A difference is read by the machine although every one of those elements would look the same to a sighted human creating this page. While WYSIWYG text entry fields can theoretically encourage semantic HTML that they fall prey to the idiosyncrasies of the most well-intentioned content writers. By making meaningful content structure that a core part of a site’s content management system, organizations can produce correct HTML for each element. This is also the base that makes it feasible to capitalize on the rich relationship descriptions given by data.
In this instance, we could see that Google is able to find plenty of links to Dr. Donion in its standard index results, but it isn’t able to”know” the data about those sources well enough to demonstrate an aggregated outcome. In cases like this, that the Knowledge Graph understands Dr. Donion is a Kaiser Permanente physician, but it pulls at the wrong place and the incorrect physician’s name in its attempt to build a Knowledge Graph screen.

The City of Seattle website’s 'Pay My Ticket' page, with two HTML heading elements outlined and labeled for illustration, and an open inspector panel, where we can see that the headings look the same to viewers but are marked up differently in the code.
Google search results info box for Dr. Ruhlman, showing an photo; a map; ratings; an address; reviews; buttons to ask a question, leave a review, and add a photo; and other people searched for.
A combined HTML code editor and preview window showing markup and results for heading, ordered list, and list item HTML tags.

Although this use of semantic HTML offers distinct benefits over the”page screen” styling we found on the Town of Boston’s website, the Seattle page also shows a weakness that is typical of guide approaches to semantic HTML. You’ll notice that, in the Google Assistant outcomes, the”Pay by Phone” option we found on the web page was not recorded.
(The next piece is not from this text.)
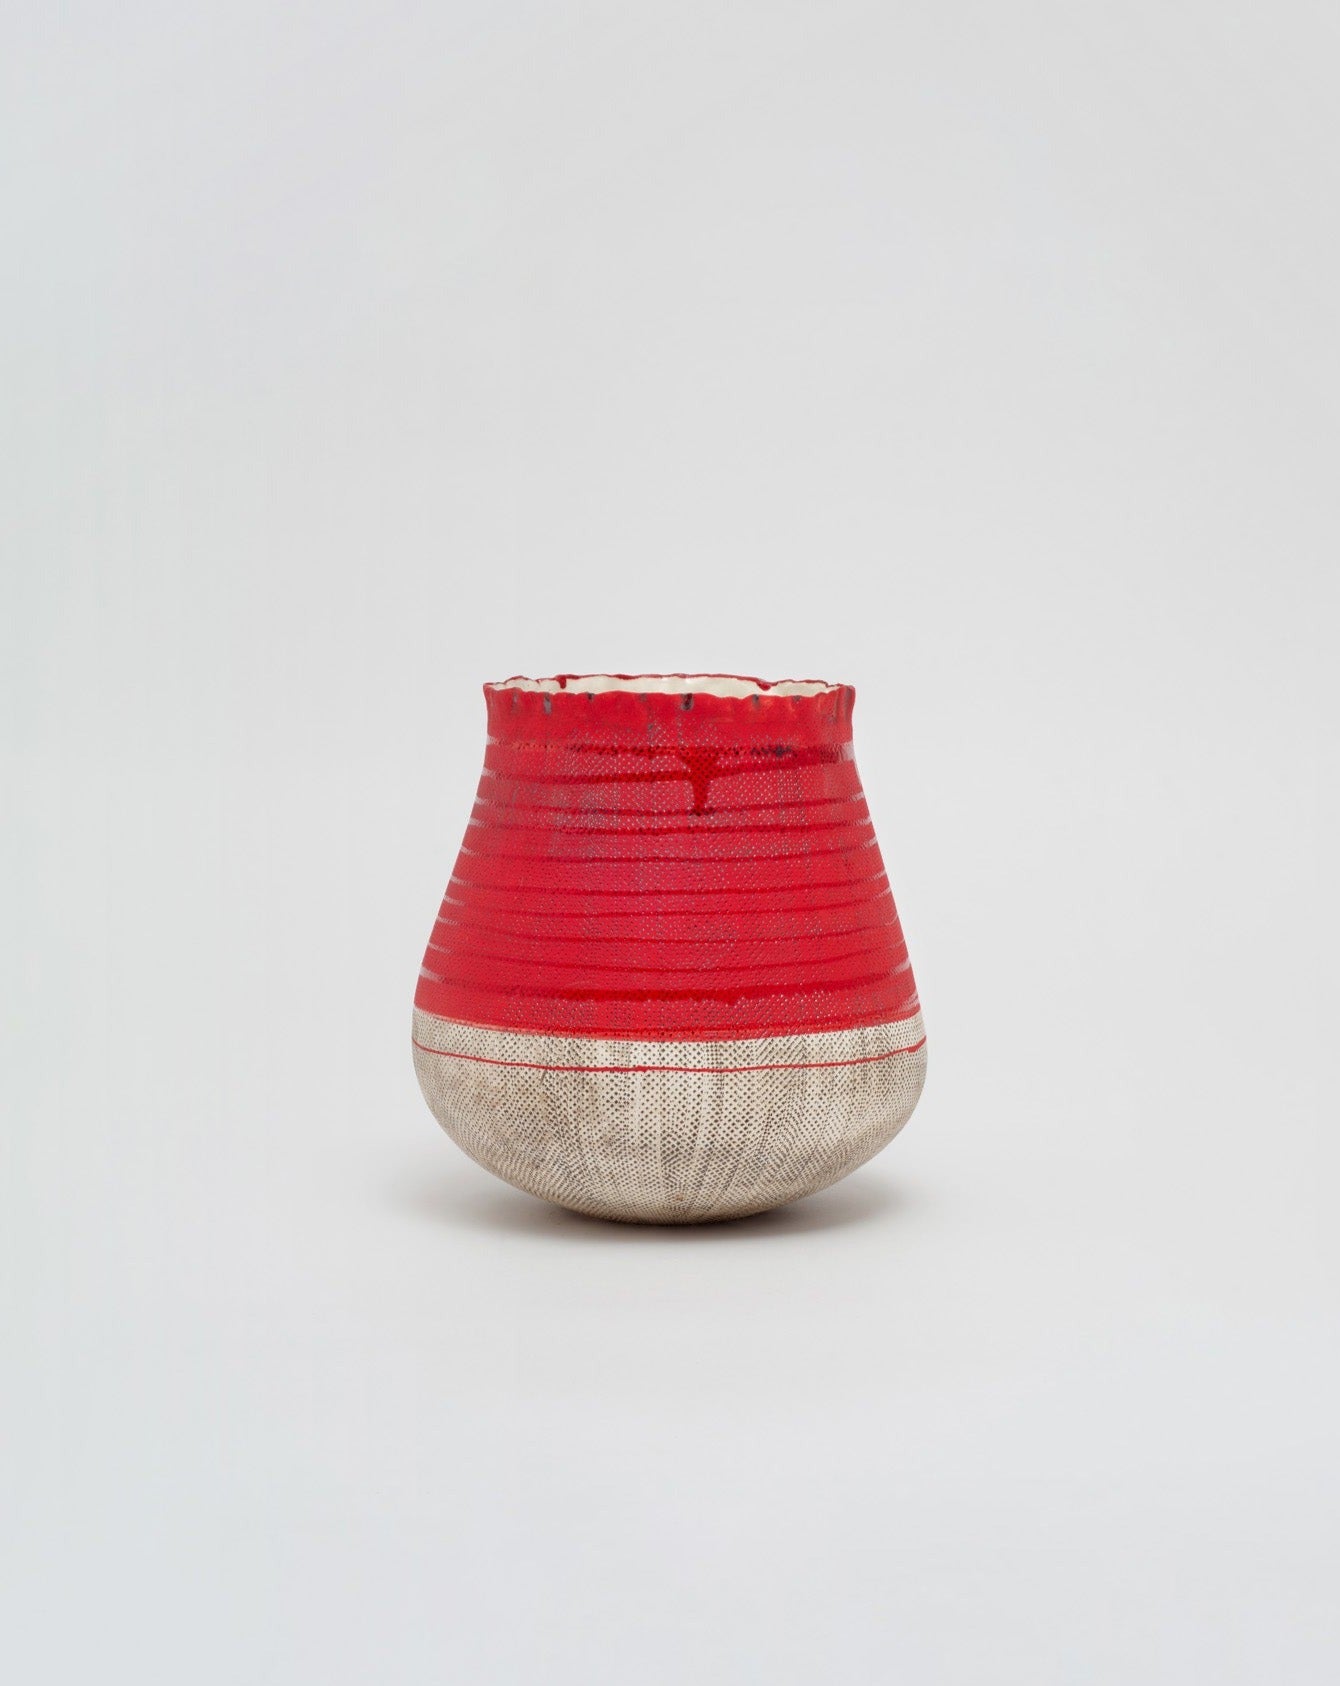 Handpinched Red Vase - kombi

If we look at the markup of the page, we can observe that while the 3 options found by Google Assistant are wrapped in both and

tags,”Pay by Phone” is just marked up using an

. This irregularity in semantic arrangement could be what is causing this option to be omitted by Google Assistant from its own results.
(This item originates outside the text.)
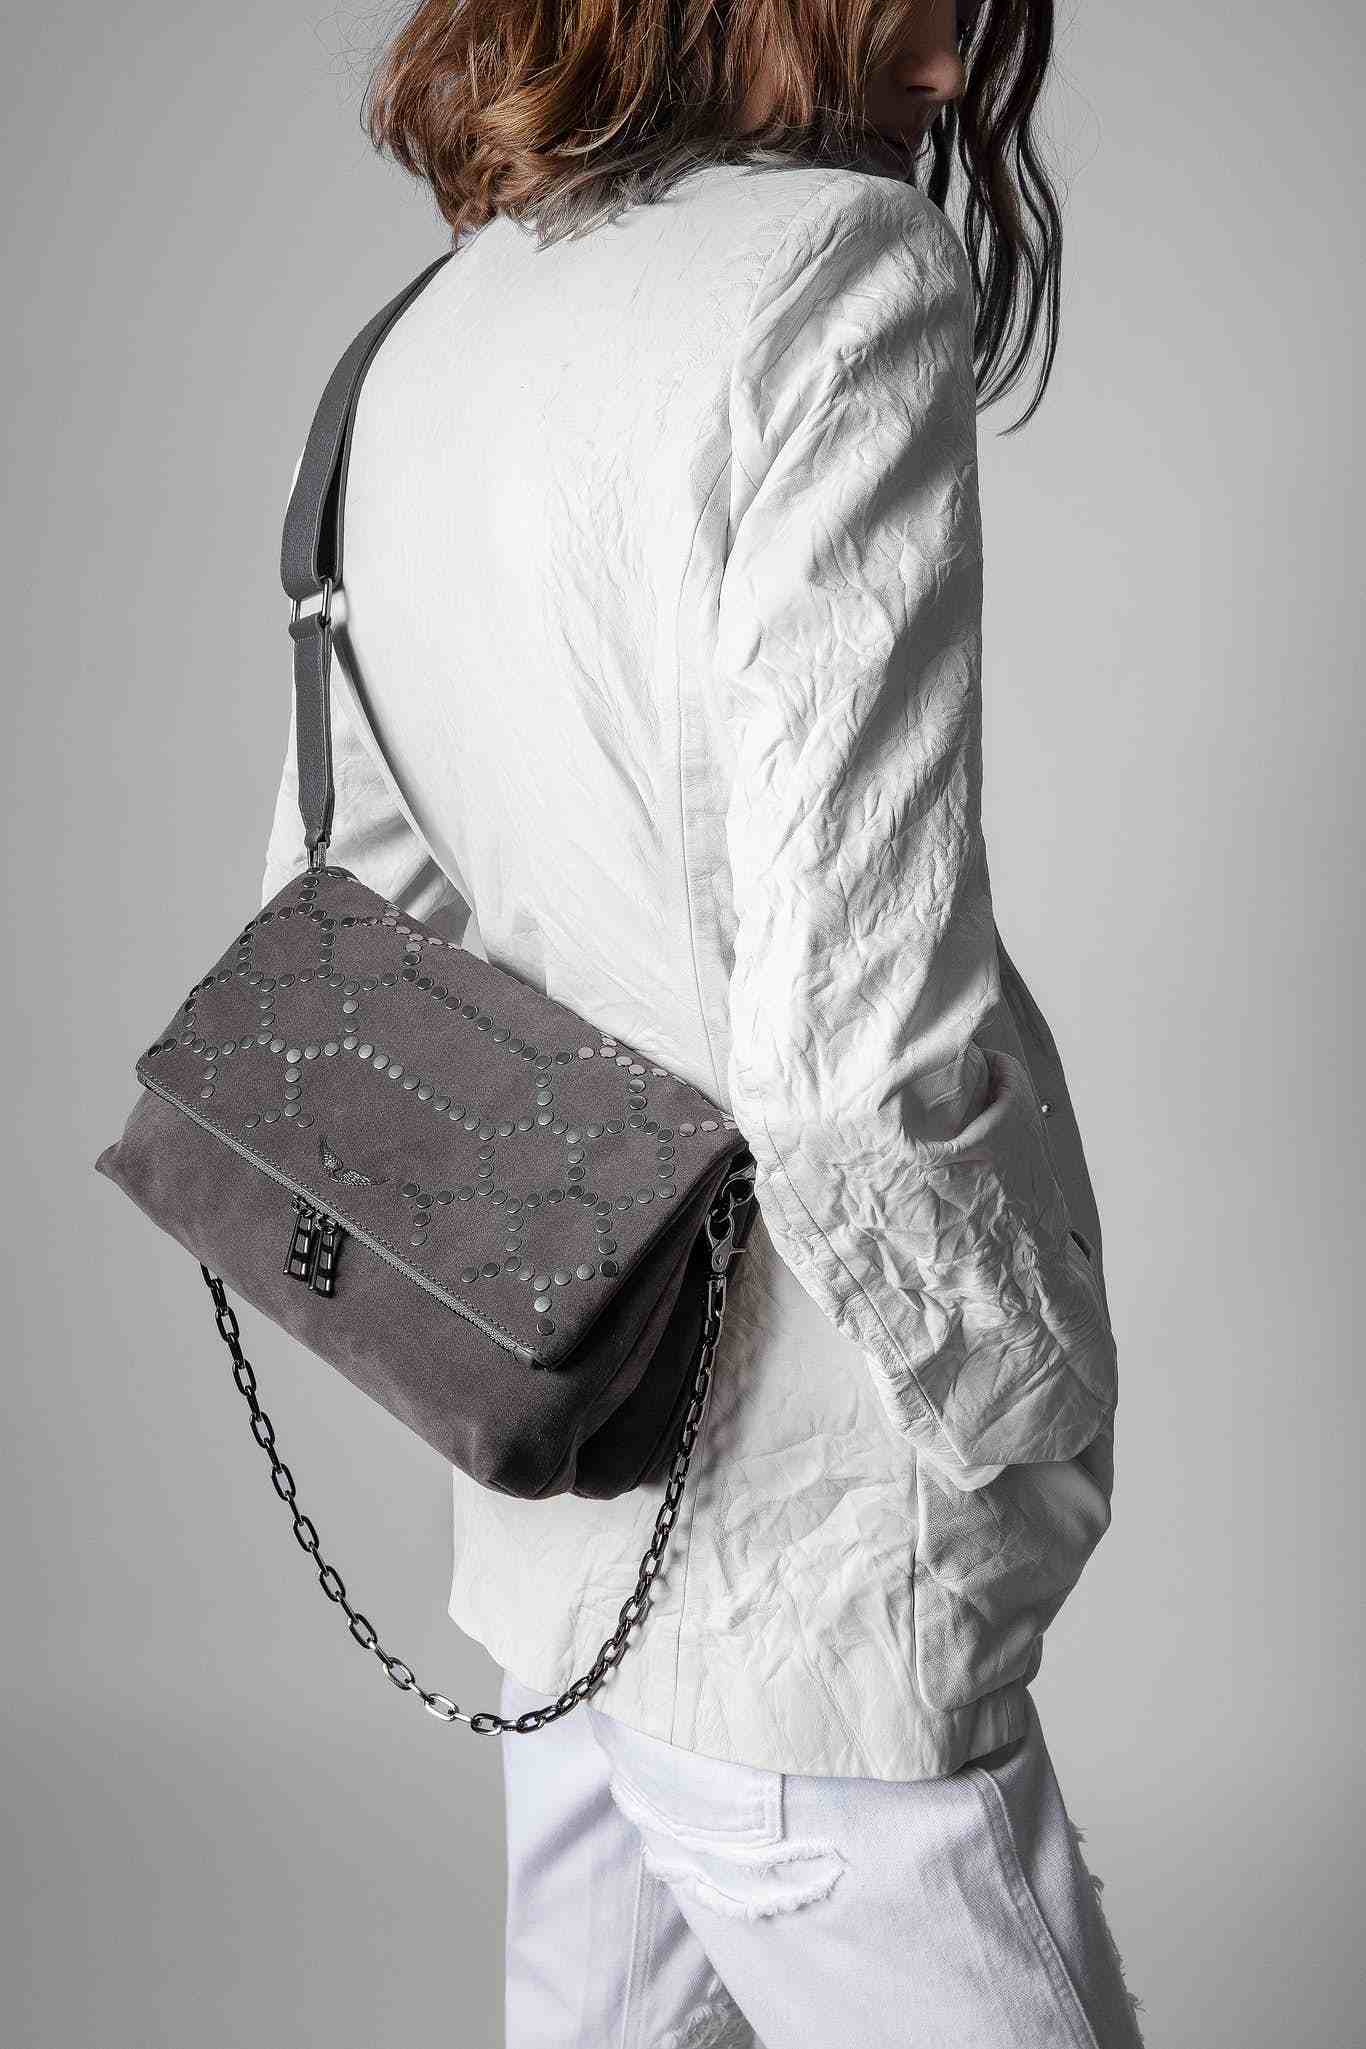 法国时装品牌Zadig Voltaire包包——自由、自我和思考

The model of then expecting users parse and to detect these pages to answer questions and building pages in the pre-voice era, is becoming inadequate for communication. From participating in patterns of information discovery and seeking, it precludes associations. And–as we saw in the event of searching for information about doctors –it might lead software agents to make inferences based on incorrect or insufficient information routing customers to rivals who communicate more efficiently.
While I inquire Google Assistant what time Dr. Donion’s office closes, the result isn’t only less helpful but really points me in the wrong direction. Rather than a targeted selection of actions I’m presented to MultiCare Neuroscience Center.

Google Assistant app on iPhone with the results of a “what time does Doc Dr Stacey donion office close” query. The results displayed include a card with “8AM–5PM” and the label “MulitCare Neuroscience Center, Monday hours,” as well as links to call the office, search on Google, get directions, or visit a website.
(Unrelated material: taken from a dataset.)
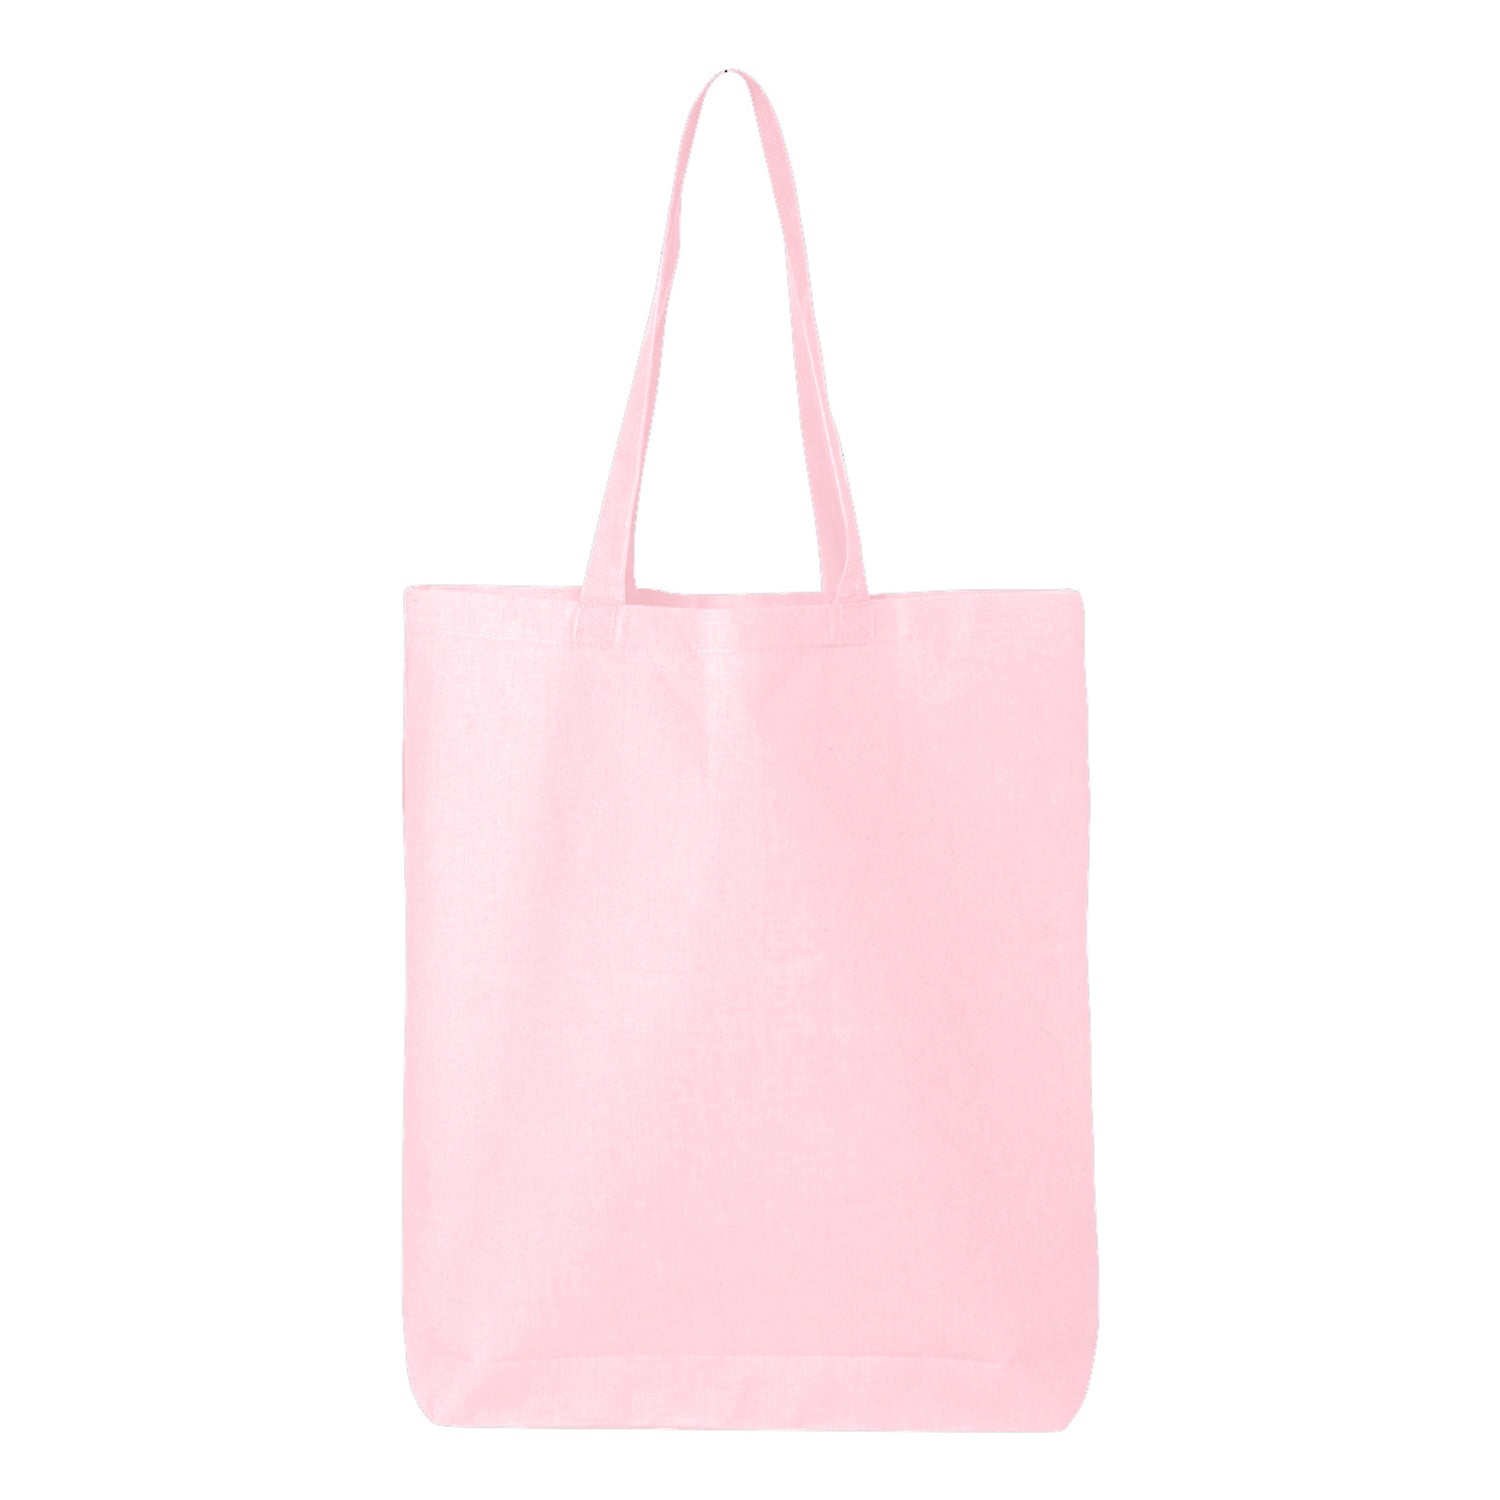 6 oz. co Cotton Tote Reusable Shopping Bag

Because it’s composed Regardless of the visual simplicity of the City of Seattle parking page, it ensures that the integrity of its material across contexts. “Pay My Ticket” is a level-one heading (

), and every one of the options below it are level-two headings (

), which indicate that they are inferior to the level-one component.
This announcement was meant to aid strategists, designers, and companies get ready for the imminent growth of mobile. It continues to ring true for connected data’s age. With the prevalence of queries and supporters, a company’s website is less inclined to become a visitor’s first encounter with content that is abundant and less. Such as hours, finding location information, telephone numbers, and evaluations –this participation may be a user interaction with an information source.